_WORK INSTRUCTIONS:_ The pictures in the data below are to be omitted; all else must be duplicated exactly.

_MATERIAL PROVIDED:_

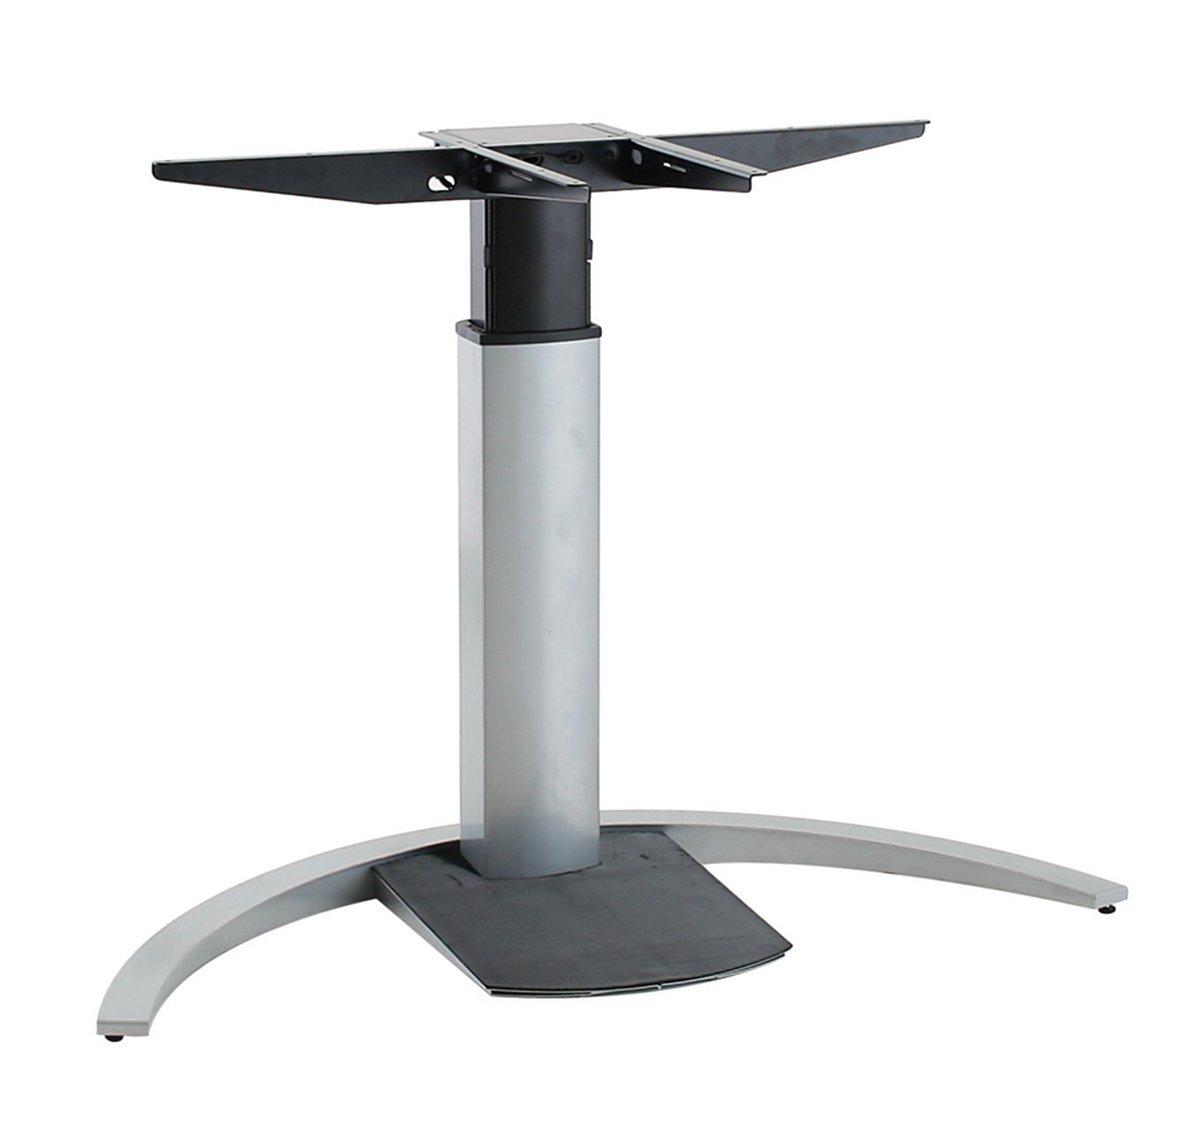 Ergobasis elektrisches Tischgestell Inno-Serie 5 Mono MEMORY, silber
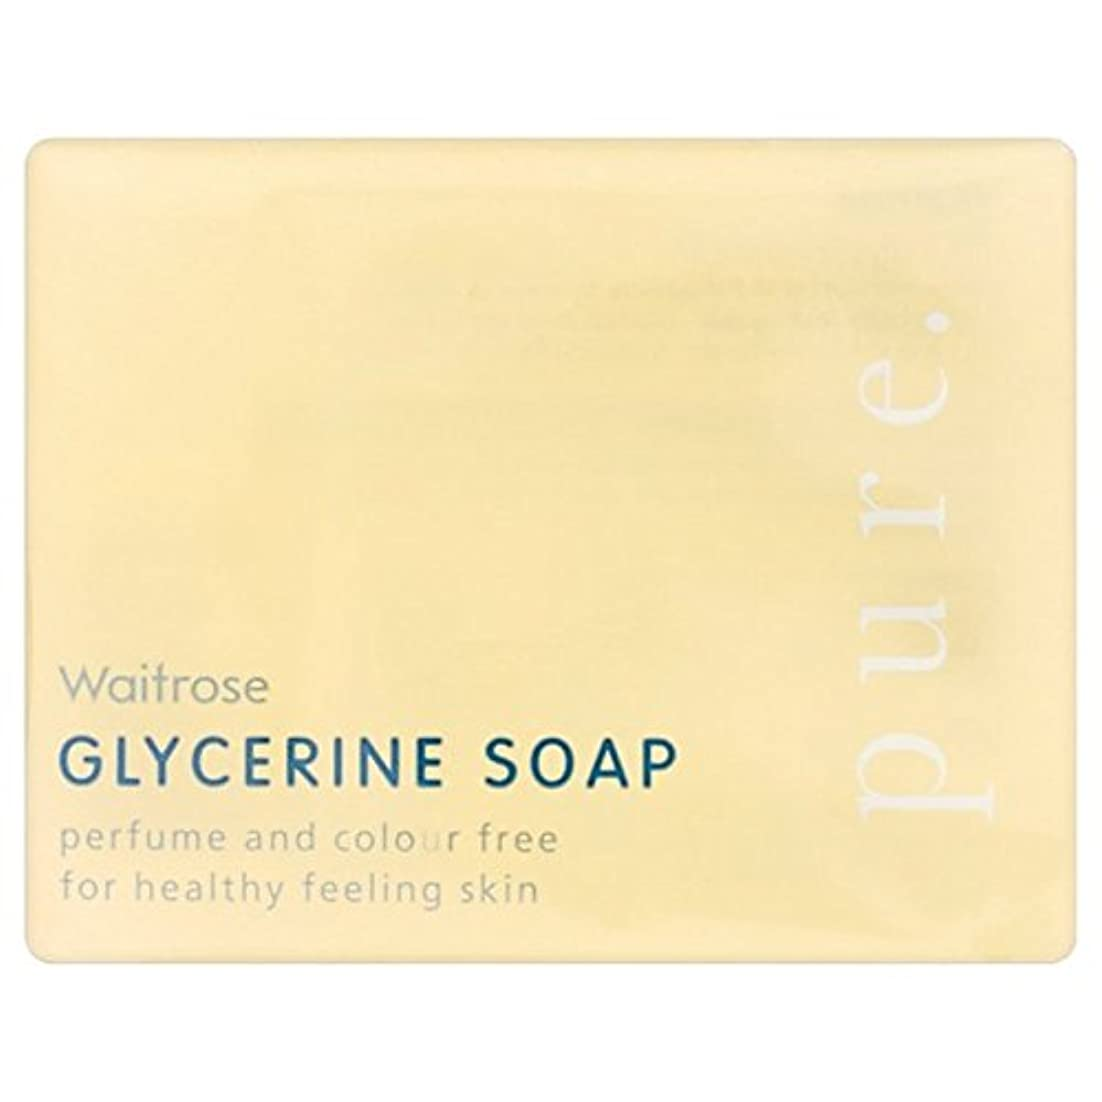 ガウン最後のでPure Glycerine Soap Waitrose 100g (Pack of 6) - 純粋なグリセリンソープウェイトローズの100グラム x6 [並行輸入品]
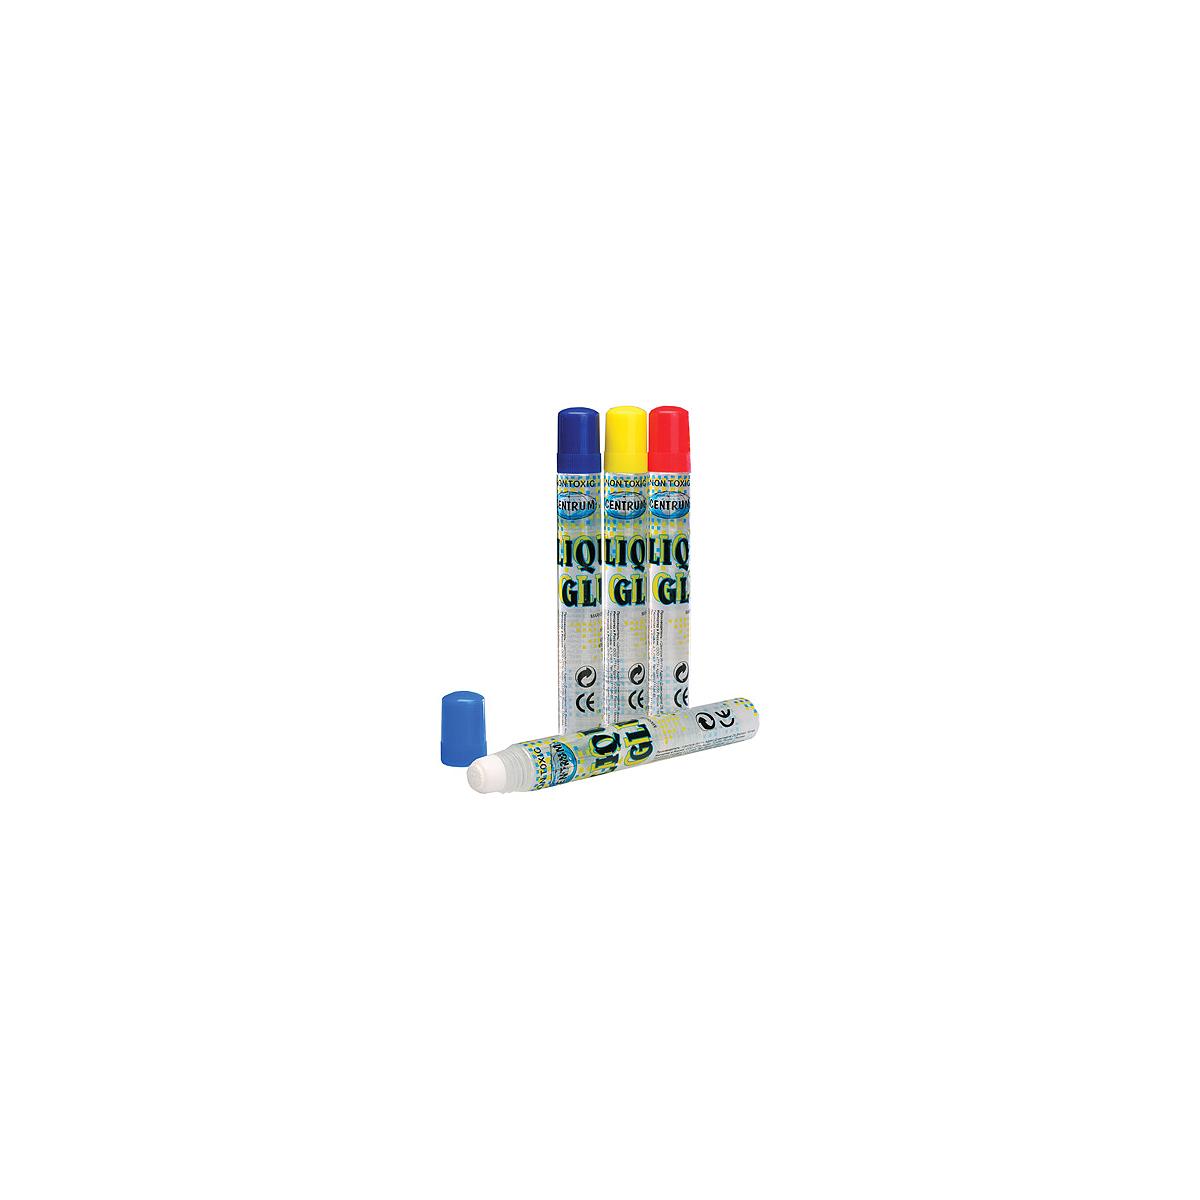 Lipici Lichid Incolor, 50 Mililitri, Diverse Culori, Centrum, 80300

_EXERCISE SOLUTION:_
 Ergobasis elektrisches Tischgestell Inno-Serie 5 Mono MEMORY, silber
 ガウン最後のでPure Glycerine Soap Waitrose 100g (Pack of 6) - 純粋なグリセリンソープウェイトローズの100グラム x6 [並行輸入品]
 Lipici Lichid Incolor, 50 Mililitri, Diverse Culori, Centrum, 80300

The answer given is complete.